2023 Dhaka explosion
- Date: 7 March 2023
- Time: 5:00 pm BST
- Location: Dhaka, Bangladesh; 23°43′18″N 90°24′37″E﻿ / ﻿23.7217°N 90.4104°E;
- Cause: to be determined
- Deaths: 17
- Injuries: 140

= 2023 Gulistan explosion =

Explosion in Bangladesh

On 7 March 2023, an explosion happened in a market in Dhaka, Bangladesh killing at least 17 people while more than 140 were injured. The explosion took place at around 5:00 p.m local time in a busy market building in Siddiq Bazaar in Old Dhaka.

==Background==
This was the third explosion in Bangladesh within a week after explosion at an oxygen plant in Sitakunda and another building on Dhaka's Mirpur Road. Similar explosions have occurred in the last two years in Bangladesh, most notably the blast inside a four-storied Moghbazar building that resulted in the collapse and abandonment of the building.

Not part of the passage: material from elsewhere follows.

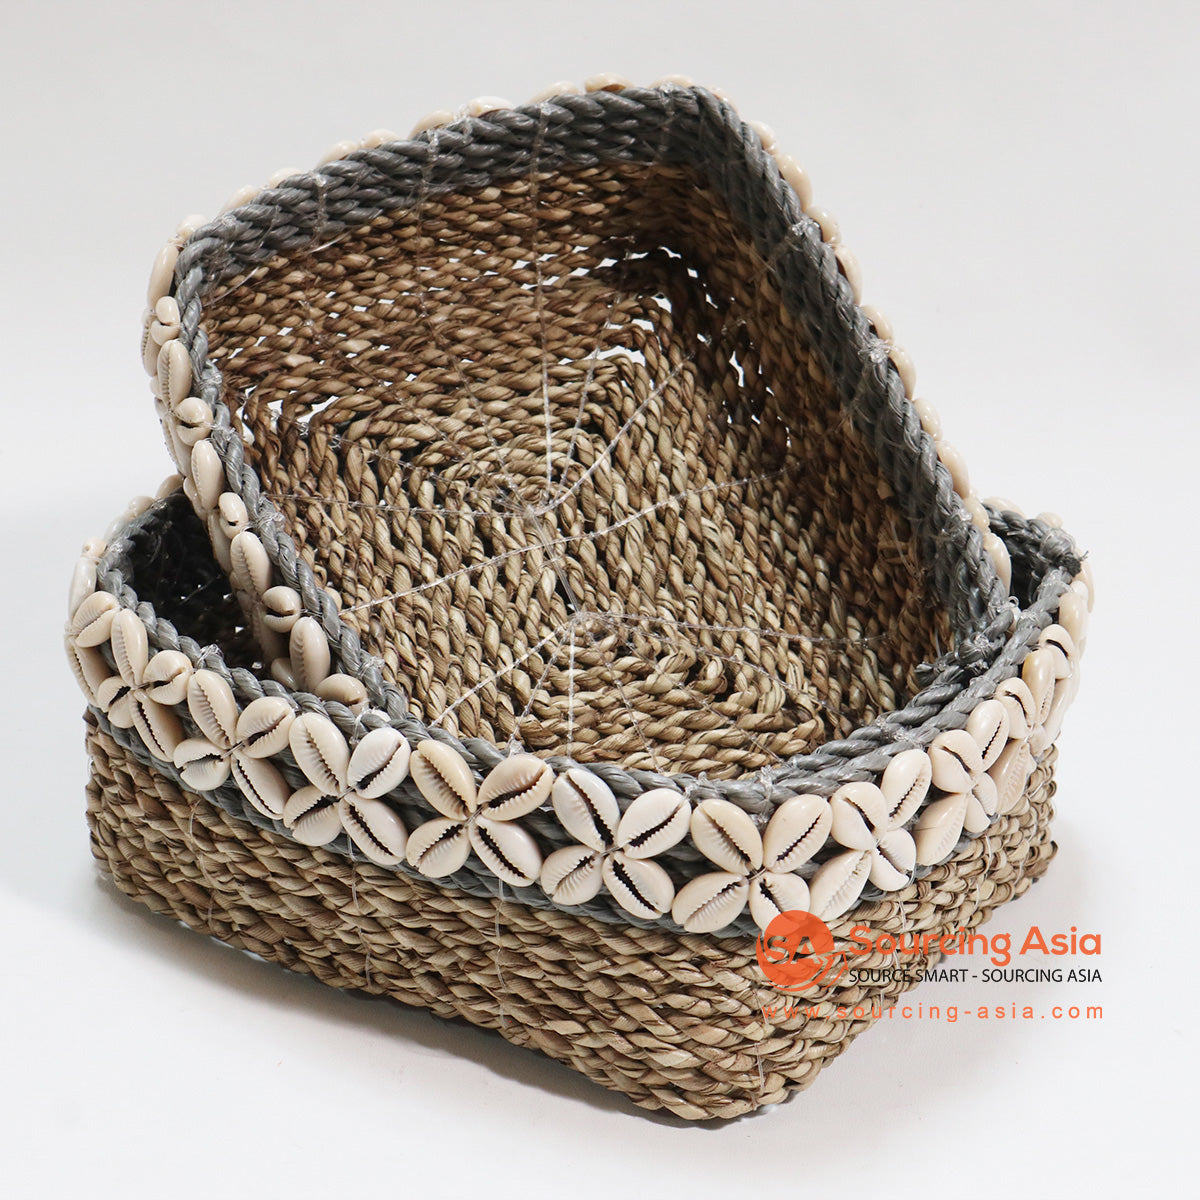 HBSC048-2 SET OF THREE NATURAL SEAGRASS SQUARE TRINKET BASKETS WITH SHELL

The explosion occurred at a store that sold sanitation materials on the building's ground floor. Authorities were not able to immediately provide the reason behind the explosion.

==Response and casualty==
More than 140 people were brought to the Dhaka Medical College Hospital. No fire broke out after the explosion. More than 150 firefighters were at the site to assist in rescue efforts. The Rapid Action Battalion (RAB) said that gas accumulated in the basement of the building may have caused the explosion. However, the director of Titas Gas, Mohammed Salim Mia, said that he did not find any evidence for this.